However, Good Reason shall exist with respect to an above specified matter only if such
matter is not corrected by HCC within thirty (30) days after HCC’s receipt of written notice
of such matter from Executive. Any such notice from Executive must be provided within
thirty (30) days after the initial existence of the specified event.
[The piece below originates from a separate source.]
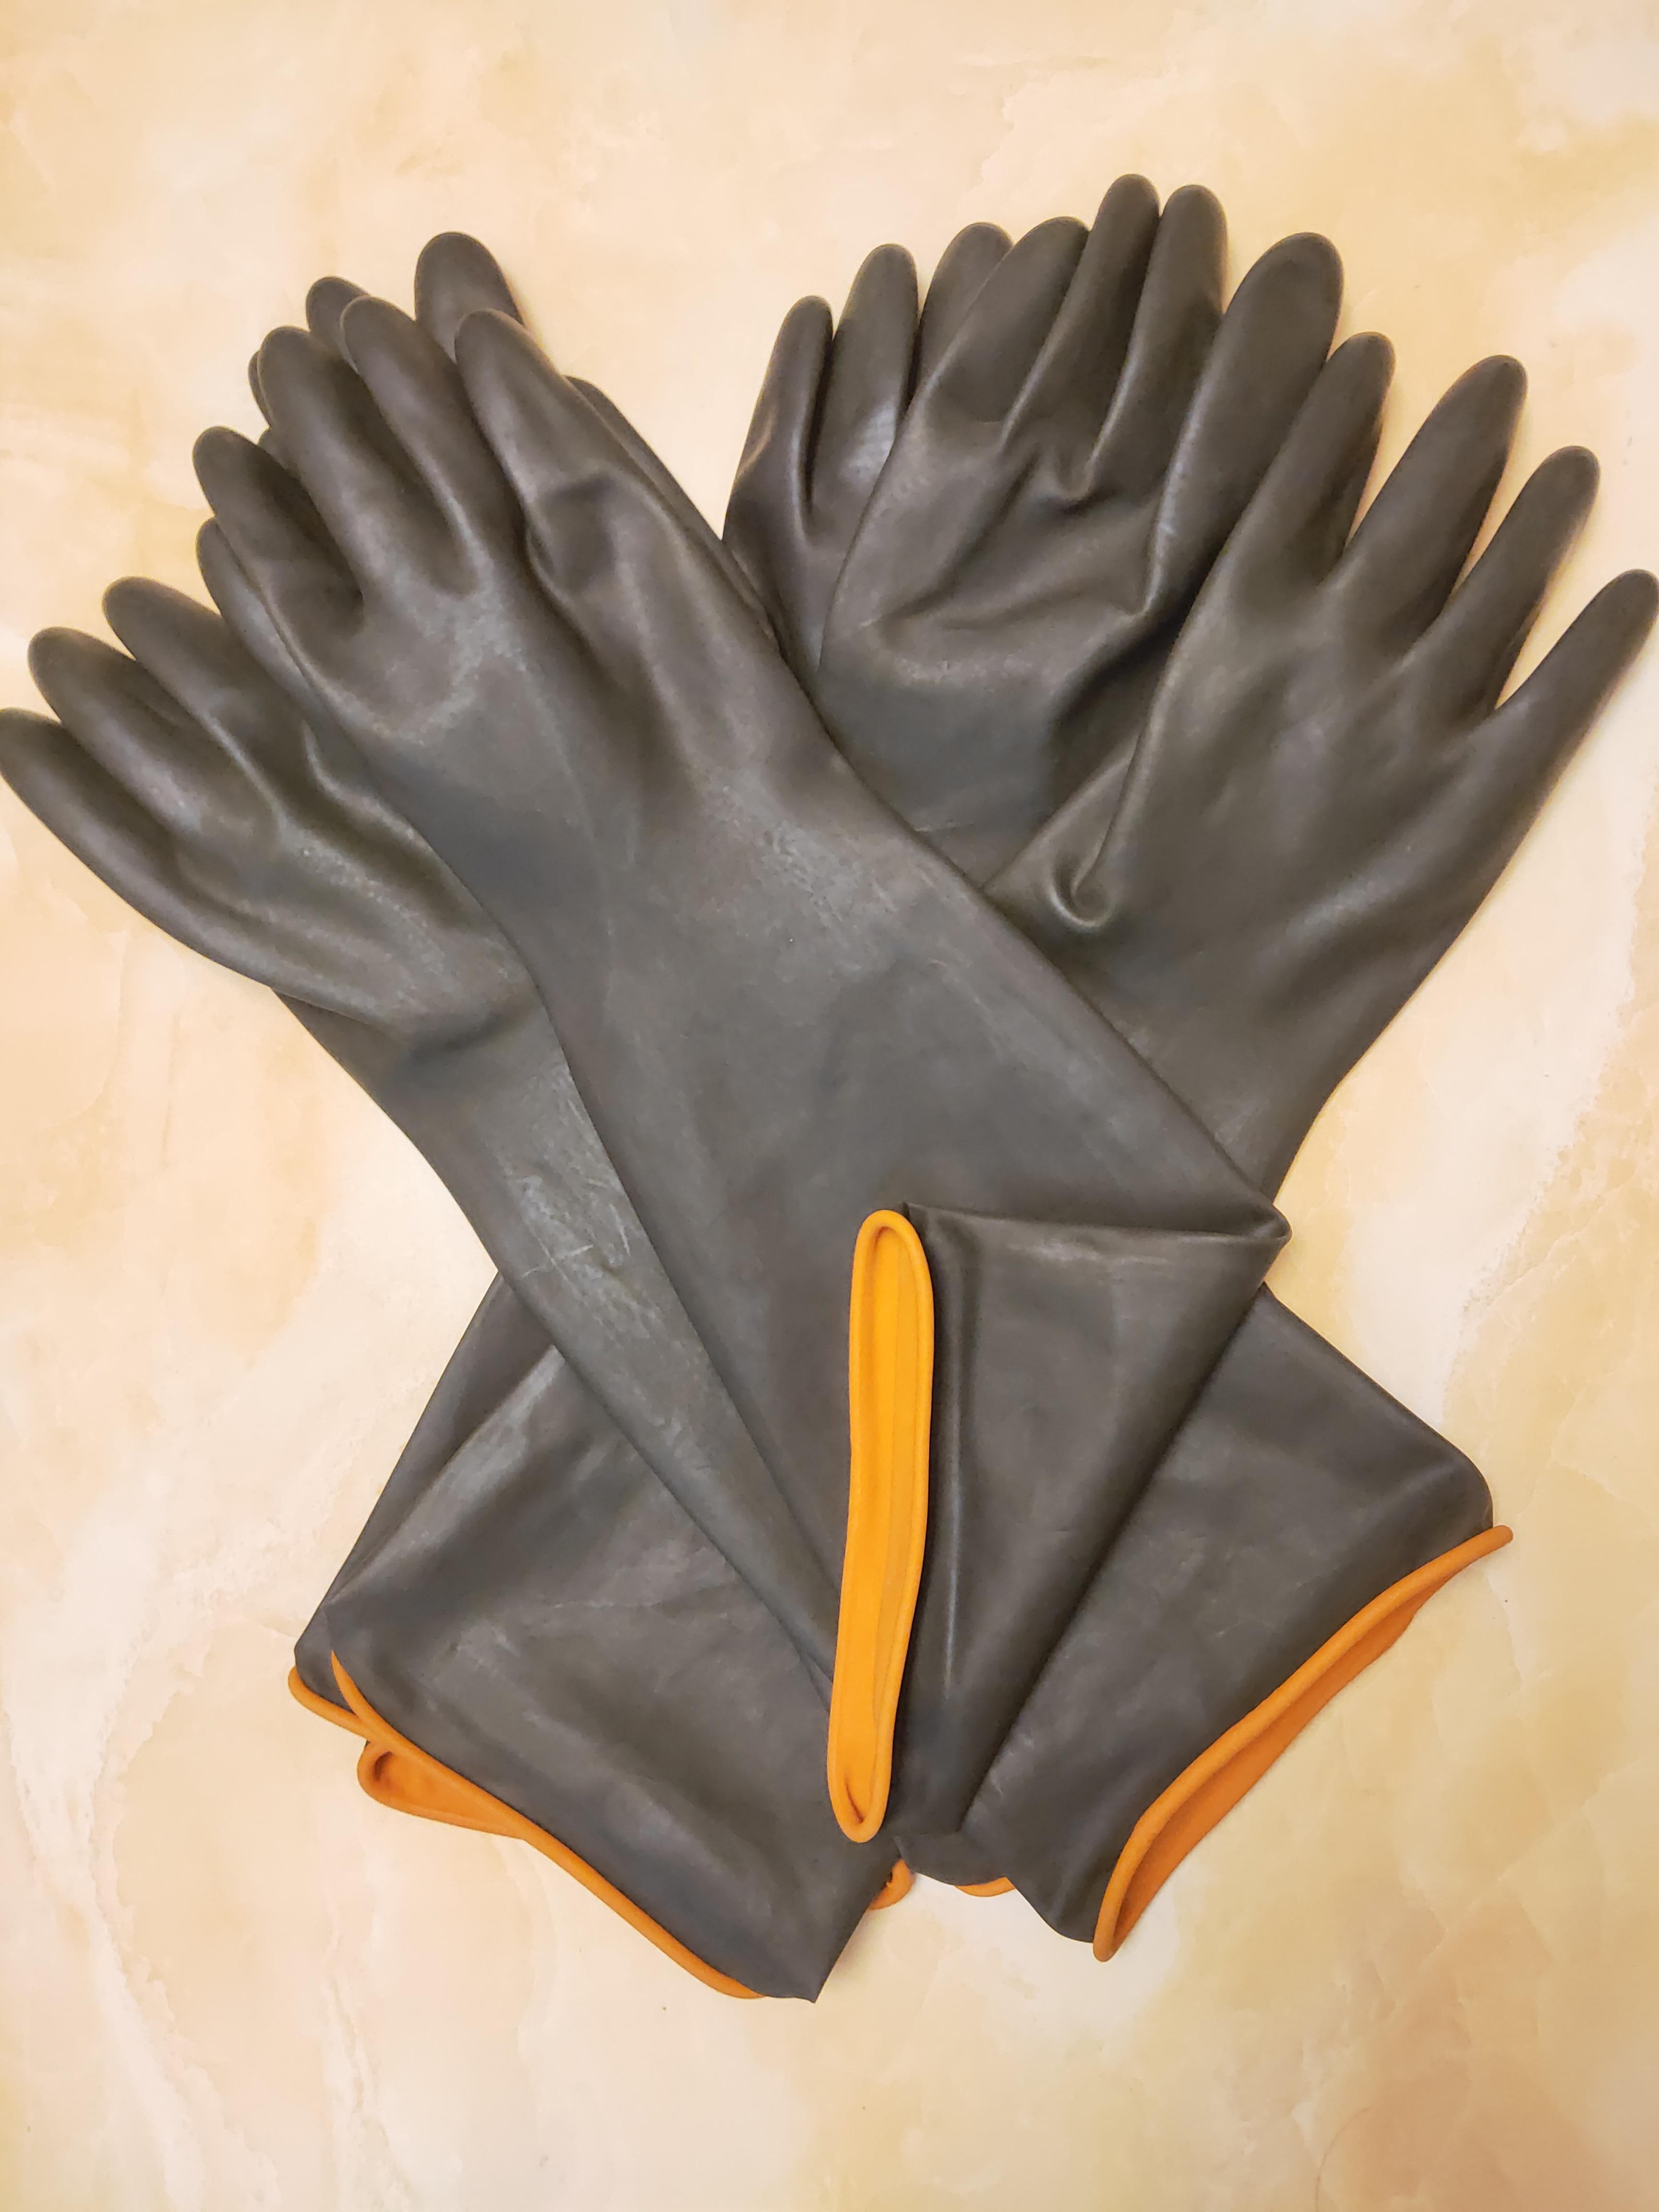 Superpikendused 55cm. Värv must tööjõud, mis kaitsevad - Tööriistakomplektid - Foto 5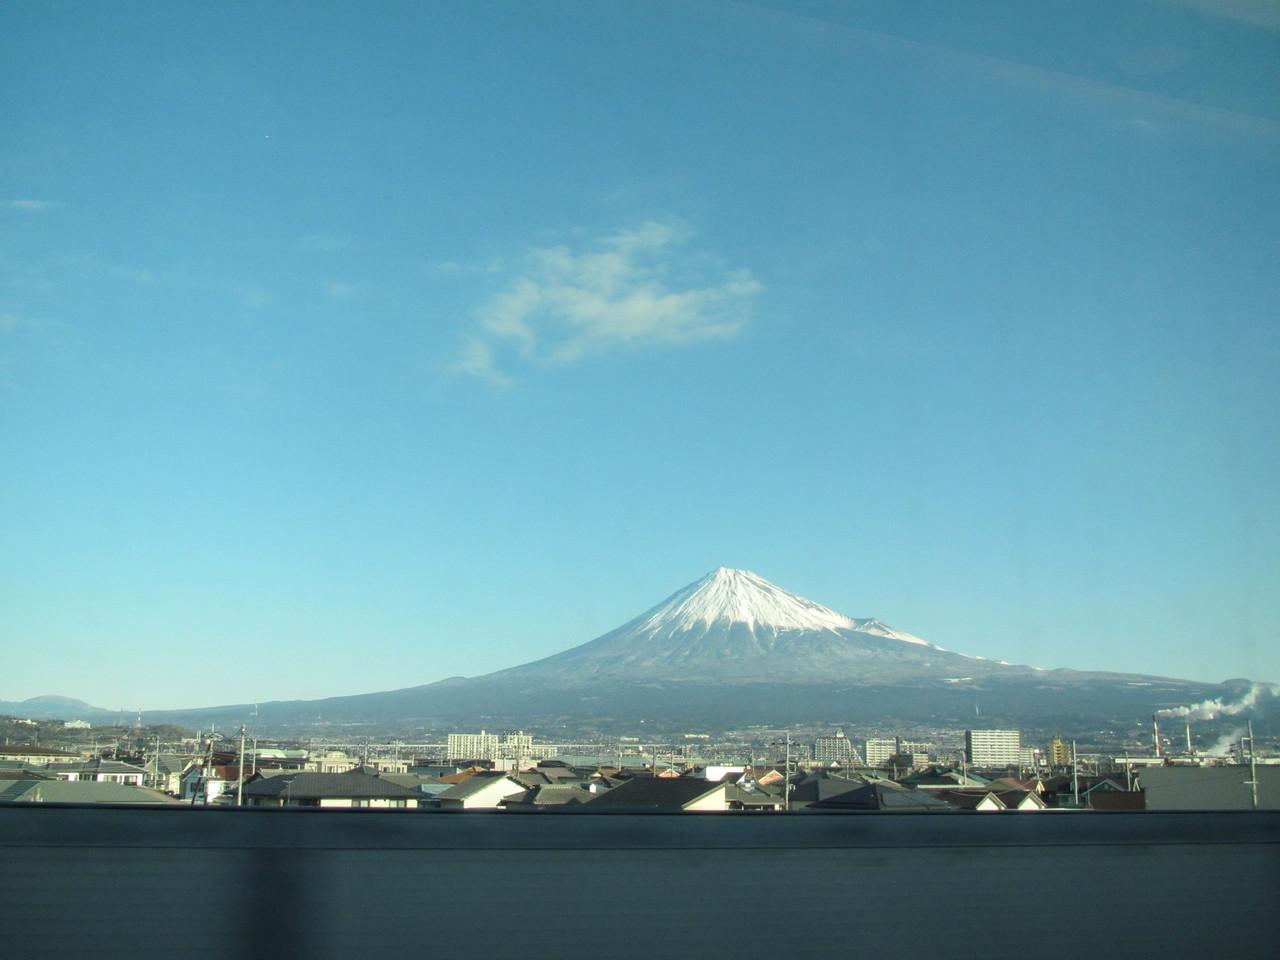 富士山がきれいにみえました。

In no event shall a
termination by Executive occurring more than ninety (90) days following the initial date of
the event described be a termination for Good Reason due to such event, whether that event
is corrected or not.
(4) “Termination Date” shall mean the date Executive’s employment with HCC
terminates or is terminated for any reason pursuant to this Agreement.
(5) A “Change of Control” shall be deemed to have occurred if:
(i) Any “person” or “group” (within the meaning of Sections 13(d) and 14(d)(2)
of the Securities Exchange Act of 1934) other than a trustee or other fiduciary
holding securities under an employee benefit plan of HCC becomes the “beneficial
owner” (as defined in Rule 13d-3 under the Securities Exchange Act of 1934),
directly or indirectly, of 50% or more of HCC’s then outstanding voting common
stock; or
(ii) The shareholders of HCC approve a merger or consolidation of HCC with any
other corporation, other than a merger or consolidation (a) in which a majority of
the directors of the surviving entity were directors of HCC prior to such
consolidation or merger, or (b) which would result in the voting securities of HCC
outstanding immediately prior thereto continuing to represent (either by remaining
outstanding or by being changed into voting securities of the surviving entity) more
than 50% of the combined voting power of the voting securities of the surviving
entity outstanding immediately after such merger or consolidation; or
(iii) The shareholders approve a plan of complete liquidation of HCC or an
agreement for the sale or disposition by HCC of all or substantially all of HCC’s
assets.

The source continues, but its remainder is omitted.